|M.Sc Student||Eizenberg Natanel|
|Subject||Short Term Adaptation in Single Cells in the Alert Monkey|
Primary Visual Cortex
|Department||Department of Biomedical Engineering||Supervisor||Professor Moshe Gur|
The phenomenon of long-term visual adaptation is well known and many visual phenomena, such as the waterfall illusions are attributed to it. In this work we dealt with the phenomena of short-term adaptation which deems important for visual discriminability by reducing correlations between similar images.
Almost all supporting physiological was recorded in anesthetized animal but this condition is too removed from the awake human so we looked at short-term adaptation in V1 of the alert monkey. The alert monkey not only differs from the anesthetized one in its physiological state but also in that it views the target while fixating which, unlike the truly immovable eye in the anesthetized is an active process comprised of fixational saccades and drifts. Using monkeys that had different fixation characteristics enabled us to see how the fixational process affects short-term adaptation. The results of the monkeys performing many saccades are more relevant to human performance since humans, typically, perform many saccades.

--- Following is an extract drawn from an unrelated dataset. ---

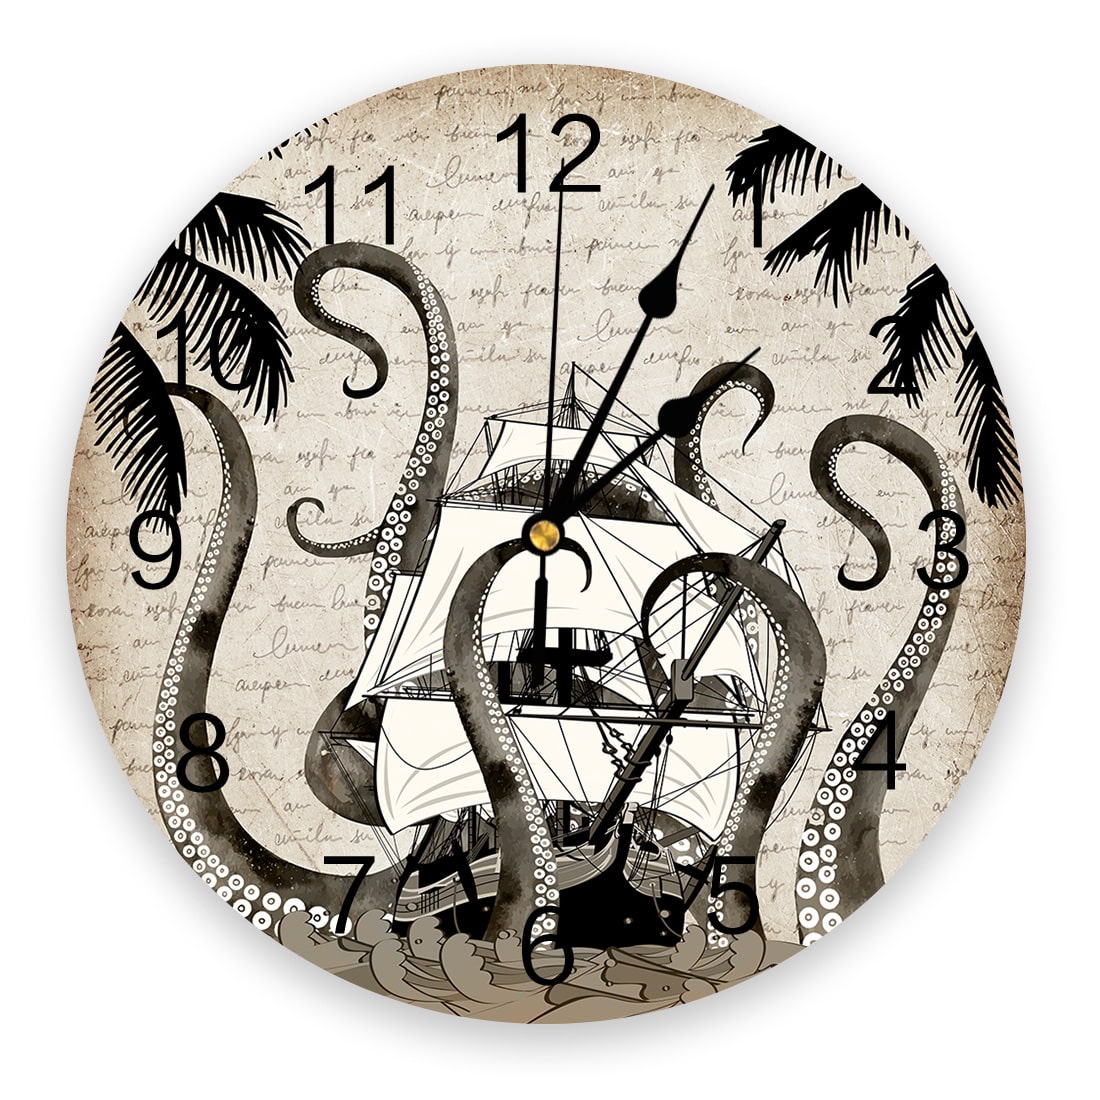 Horloge steampunk murale moderne avec bateau et pieuvre géante dessinés au centre de l'horloge aux tons gris/blanc, avec chiffres pour indiquer l'heure
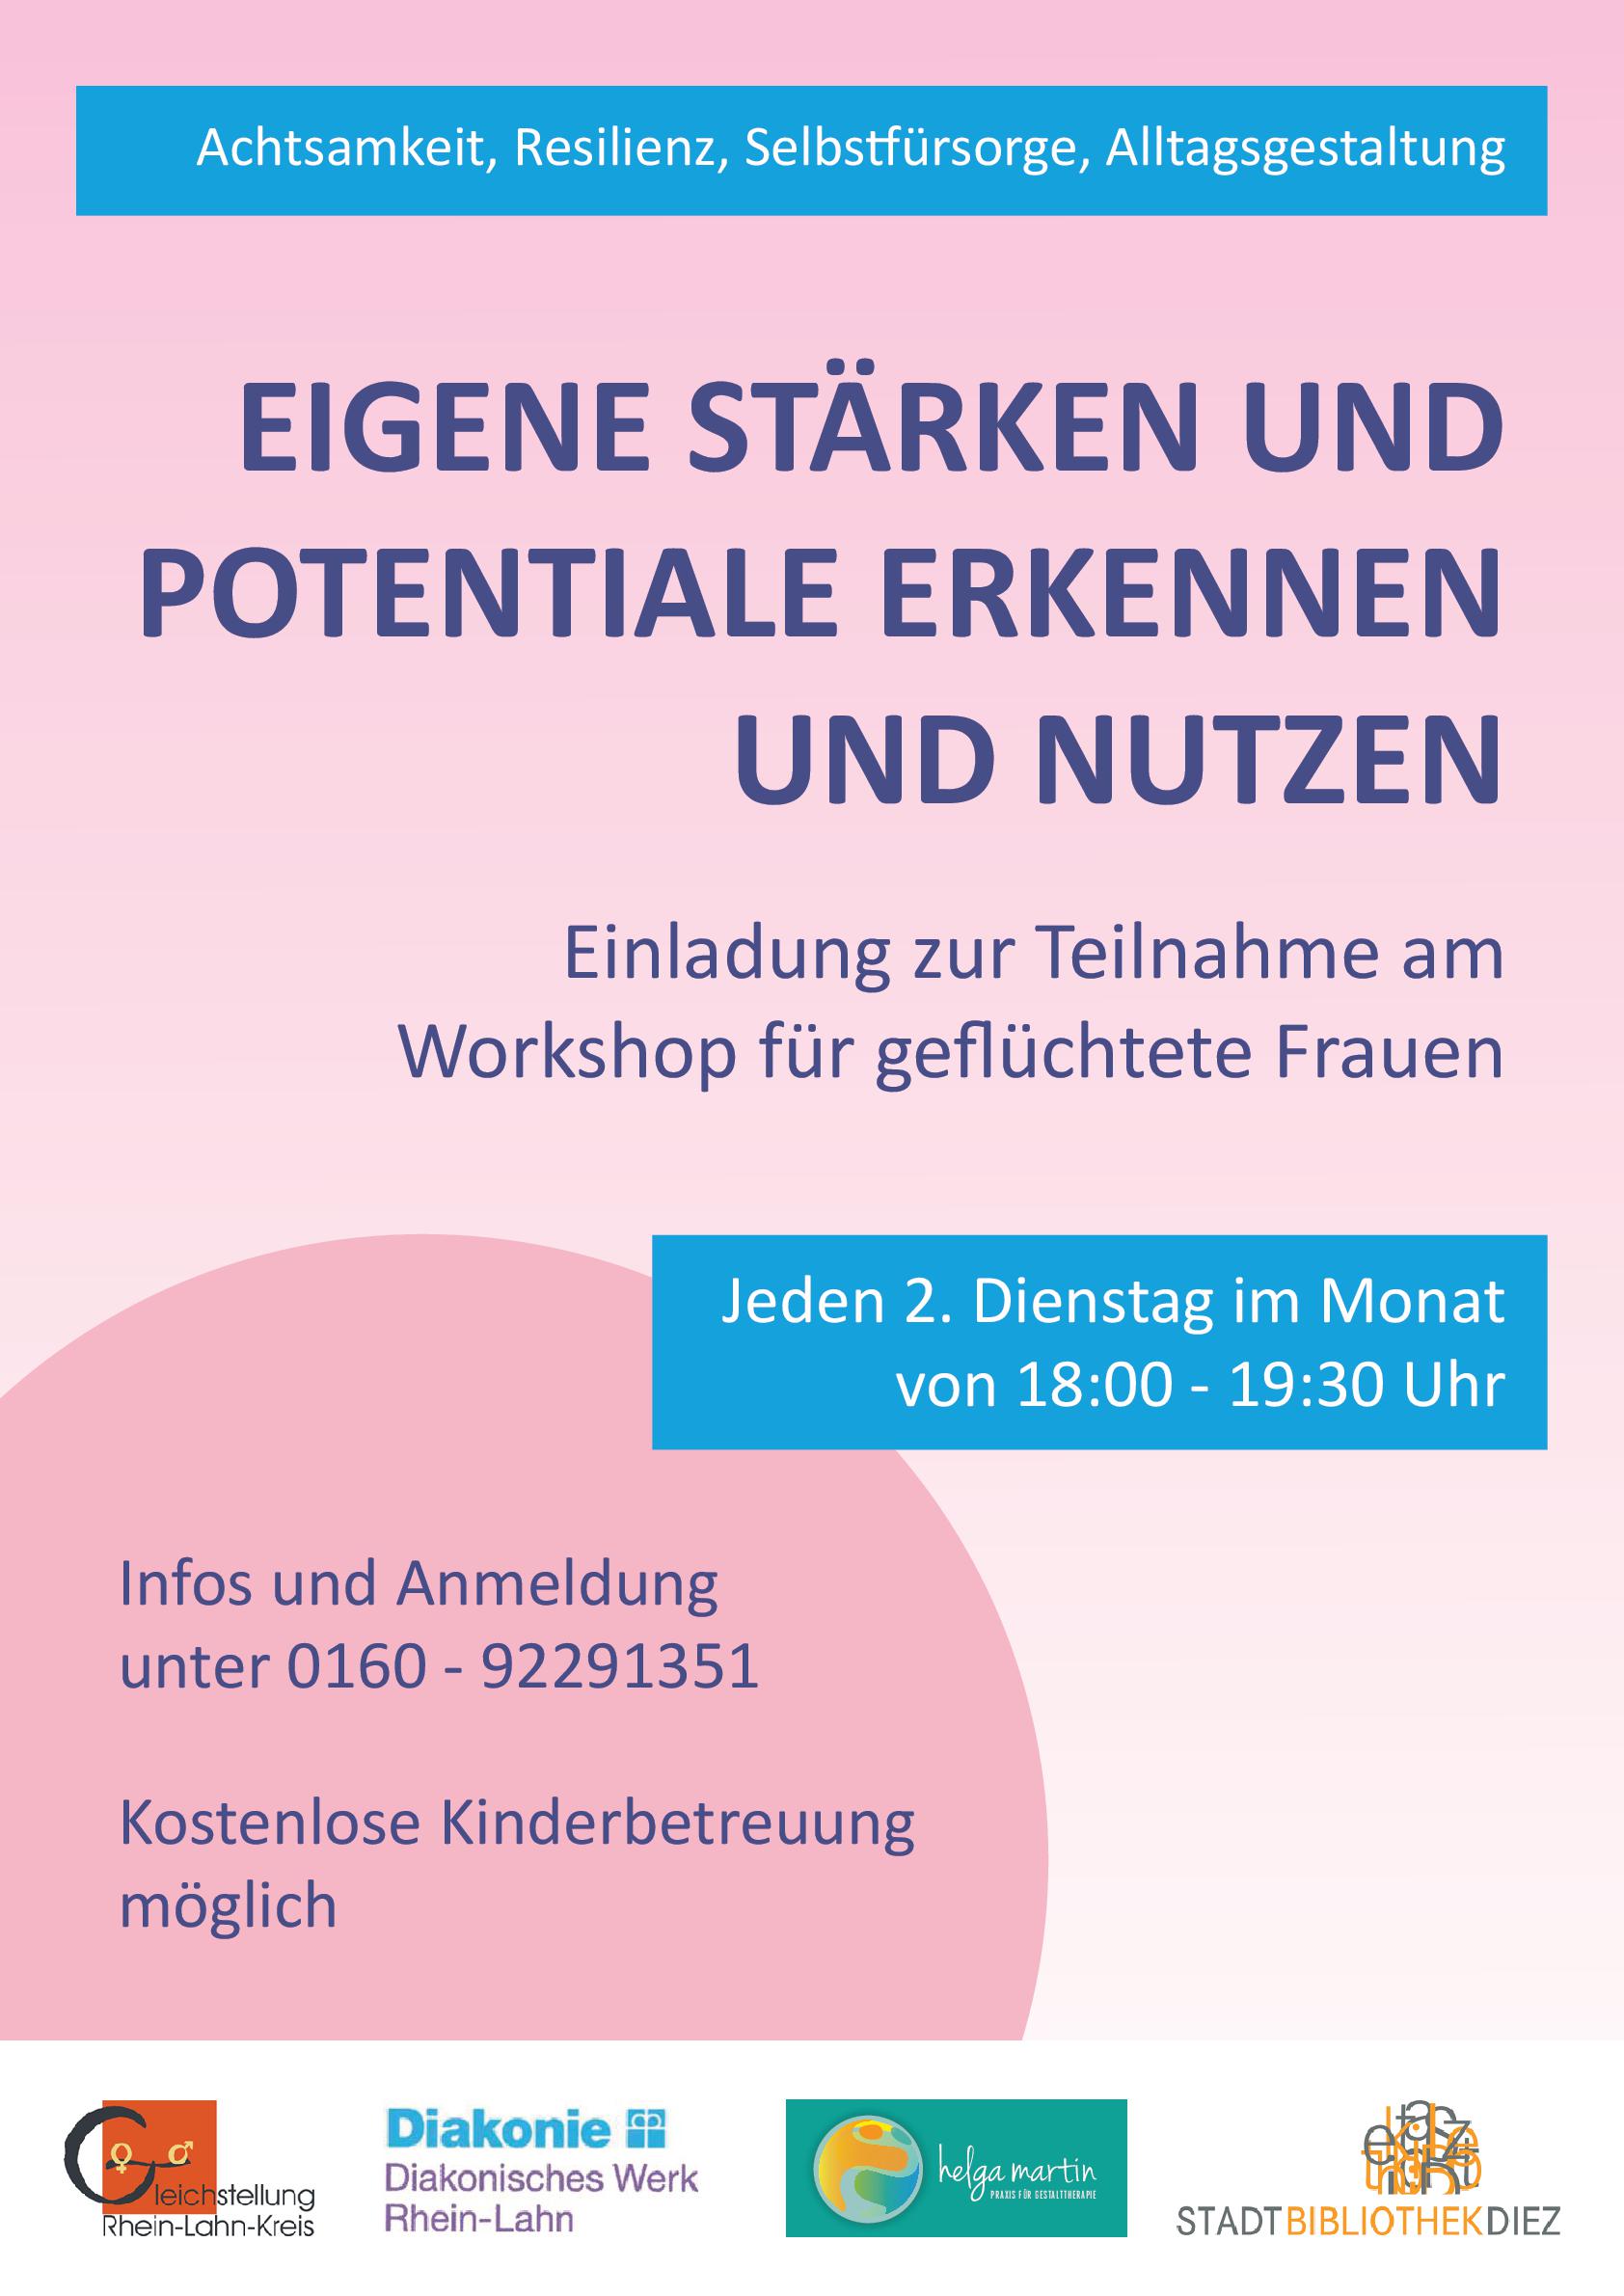 Workshop für geflüchtete Frauen

We recorded eye movements and external cellular responses from single cells in V1 of macaques performing a fixation task, while presenting different repeating visual stimuli (flashing, moving bars and drifting sinusoids). Data was then analyzed to show quantitative description of the adaptation phenomena.
Our major findings are:
1) In the monkey performing a few saccades, there is a short-term adaptation in that stimuli succeeding the first one generate fewer spikes than the first stimulus.
2) In monkeys that performed a large number of saccades, no adaptation could be found.
3) The effects of saccades suggest that they may serve to reset cell responsivity and thus prevent short-term adaptation.